Шахбике-ханум сидела на мягкой подушке на главном месте в комнате, опираясь на многочисленные мутаки. Широкие шелковые юбки, надетые одна поверх другой, не могли скрыть очертаний толстых ног, холмами возвышающихся над тюфяком. Шахбике-ханум опиралась округлыми локтями на колени, подперев пухлыми короткими пальцами подбородок. Пальцы были унизаны золотыми кольцами, блеск драгоценных камней слепил глаза. На полных запястьях позванивали браслеты. Алая шаль с кистями была накинута на плечи.
Гостьи тоже выставили напоказ все свои драгоценности и украшения, щеголяя друг перед другом своими праздничными нарядами.
Шахбике оглядела усевшихся в круг девушек и женщин и открыла праздник:
- Смотрите, негодницы, сегодня ночью никто из нас не должен спать! Будем есть, пить, танцевать и петь. Каждый может делать то, что пожелает! Мужчин дома нет, если не принимать во внимание слуг.
- Э-э-э, кто принимает слугу за мужчину?
- У каждой из нас в доме слуги, ну и что... Раздался дружный смех.
Чеменгюль и Сона расстилали перед женщинами скатерти, обнесли всех водой для мытья рук, потом внесли душистое, тушенное с зеленью мясо. Блюда сменяли одно другое. Раз пять менялись тарелки. Слуги, мужчины и женщины, споро выполняли все приказания хозяйки, следя за тем, чтобы на столе всего было вдоволь. Сона не замечала усталости. Она запоминала обычаи, прежде незнакомые ей.
Наконец скатерти и посуда были убраны. По знаку Шахбике-ханум в центре комнаты появилась одна из служанок, которая заиграла на маленькой гармонике. Гостьи начали танцевать. Слуги столпились в дверях, наблюдая за танцующими. Сона стояла рядом с Чеменгюль. Мелодия напоминала ей былые времена, вернее, увела ее от сегодняшнего дня, от положения служанки, от переживаний и забот, выпавших на ее долю. Она невольно поддалась ритму звучащей мелодии, неосознанно повторяя движения танцующих женщин... "Как хорошо танцуют эти девушки, хоть они и не обучались танцам, как мои подружки Малейка, Иззет, Ниса... Как много людей, чувствующих танец, увлеченных им, о аллах!..." Она запоминала новые для себя движения рук, повороты головы, вибрации плечами, изящные изгибы шеи... Она вспоминала, как Махмуд-ага рассказывал ей, что на свете есть страны, в которых танец считают священным ритуалом.
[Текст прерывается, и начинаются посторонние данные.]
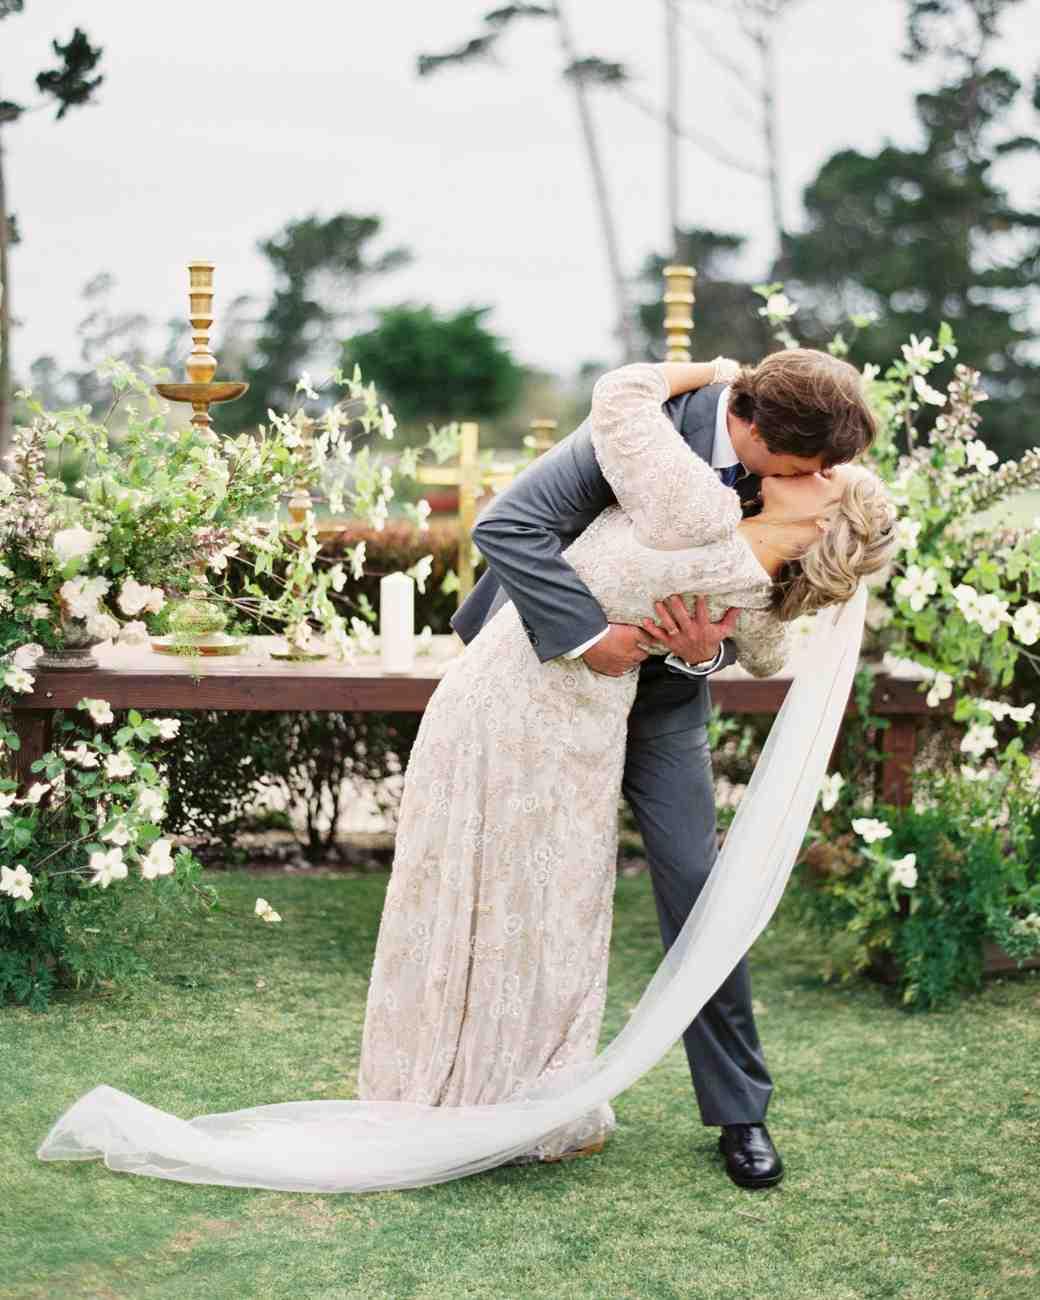 ginny-andrew-wedding-ceremony-0623-s112676-0216.jpg

Даже молитву творят в танце, избави аллах! "Почему я не родилась в такой стране, где танцевать можно всегда, где это не является зазорным! Вот если бы наши обычаи переменить на подобные. Неужели когда-нибудь придет время, когда танцовщиц не будут называть "чанги"? Когда их искусство, их труд будет вызывать не ненависть, а уважение? Когда танцовщиц станут принимать за людей, у которых то же сердце, что и у других людей, а может быть, еще более чувствующее... О аллах! Помоги!"
... Шахбике-ханум зорко следила, все ли ладно на ее празднике. От нее не укрылось, что Сона невольно повторяет движения танцующих. В тот момент, когда угас пыл господских танцев и еще не пришел черед танцев слуг и служанок, призванных услаждать взор госпожи и смешить ее, она вызвала Сону:
- Эй, Сона! А ну-ка, выйди на середину, станцуй, как умеешь!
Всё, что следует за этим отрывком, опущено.